Elder Abuse and Neighbor Disputes. Our population is aging, so it is no surprise that I have handled cases where elder abuse allegations were made because one of the parties was over 70 years old.  Elder abuse allegations add an interesting layer to a neighbor dispute which is already fraught with high emotions.

Boundary Lines and Easements. Many boundary line legal issues arise in the hills of Southern California where you have thousands of homes built on non-conforming, curve-linear lots.  Often people don’t even know the true location of their boundary, especially when their properties include hillsides and ravines.  But a good surveyor can usually sort this out.  If there is a dispute, you will need a good and reliable surveyor.

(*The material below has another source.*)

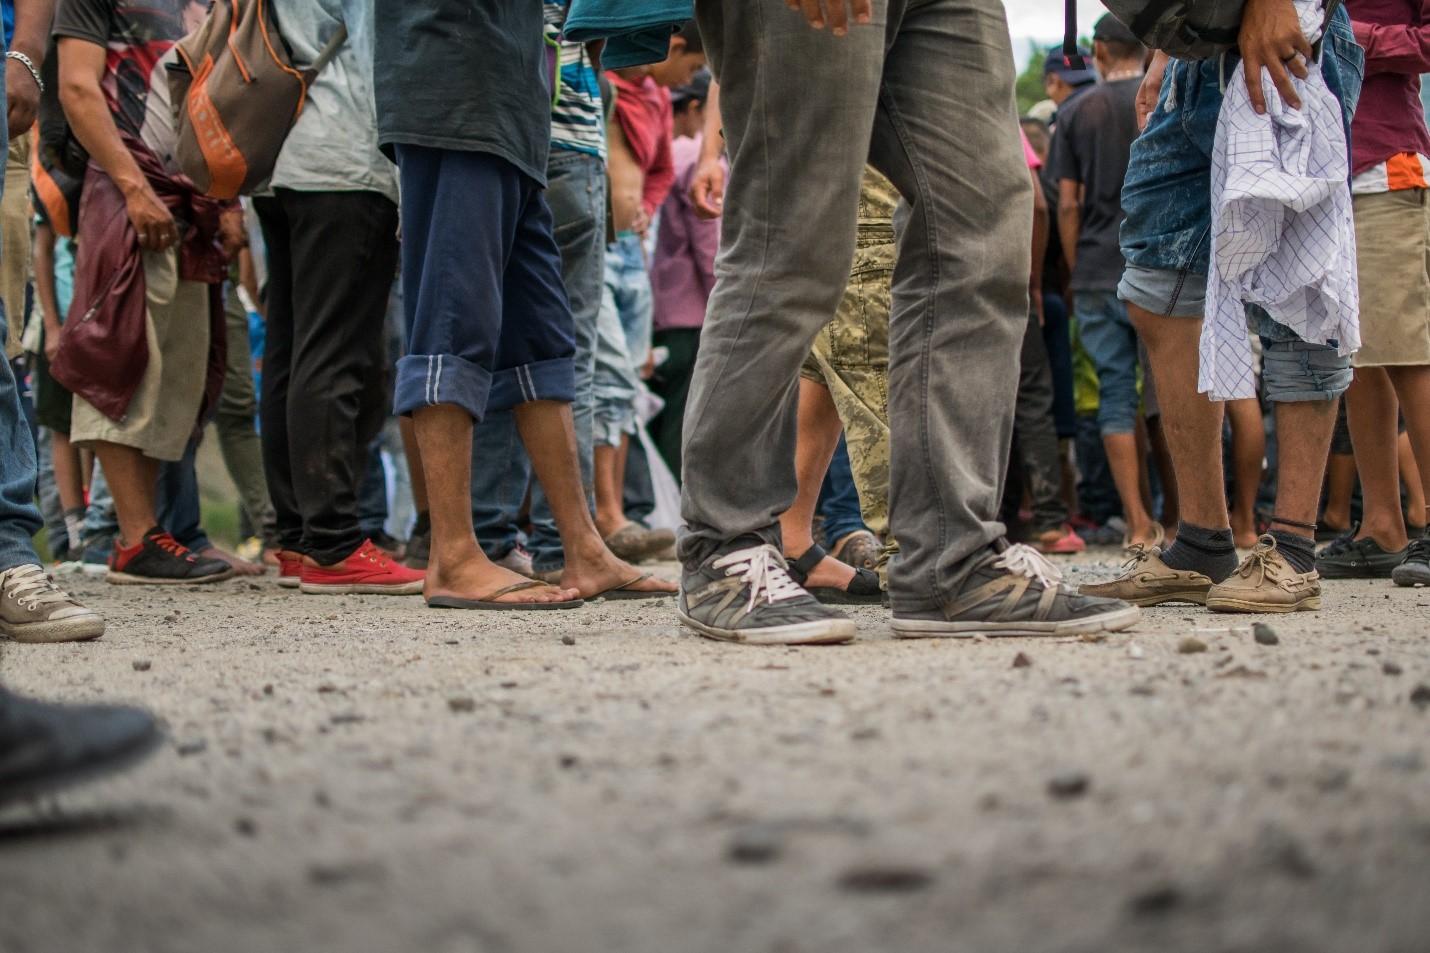 ONU: Casi 5 millones de personas huyeron de la crisis en Venezuela

Diplomacy or Litigation? This is the six-figure question (what it often costs to take a neighbor or boundary line dispute through trial).  My advice to anyone who is involved in a neighbor dispute is this:  diplomacy, diplomacy, diplomacy.  Exercise it whenever possible.  Try to control your emotions (I know it is difficult).  Hire a lawyer to write a letter and to help you deescalate the conflict.  Consider that litigation is time and energy consuming, expensive and nowadays could take years to resolve.  Sometimes you need to turn the other cheek.  If that idea is unacceptable, then find an experienced litigation attorney who can help you put up a good fight.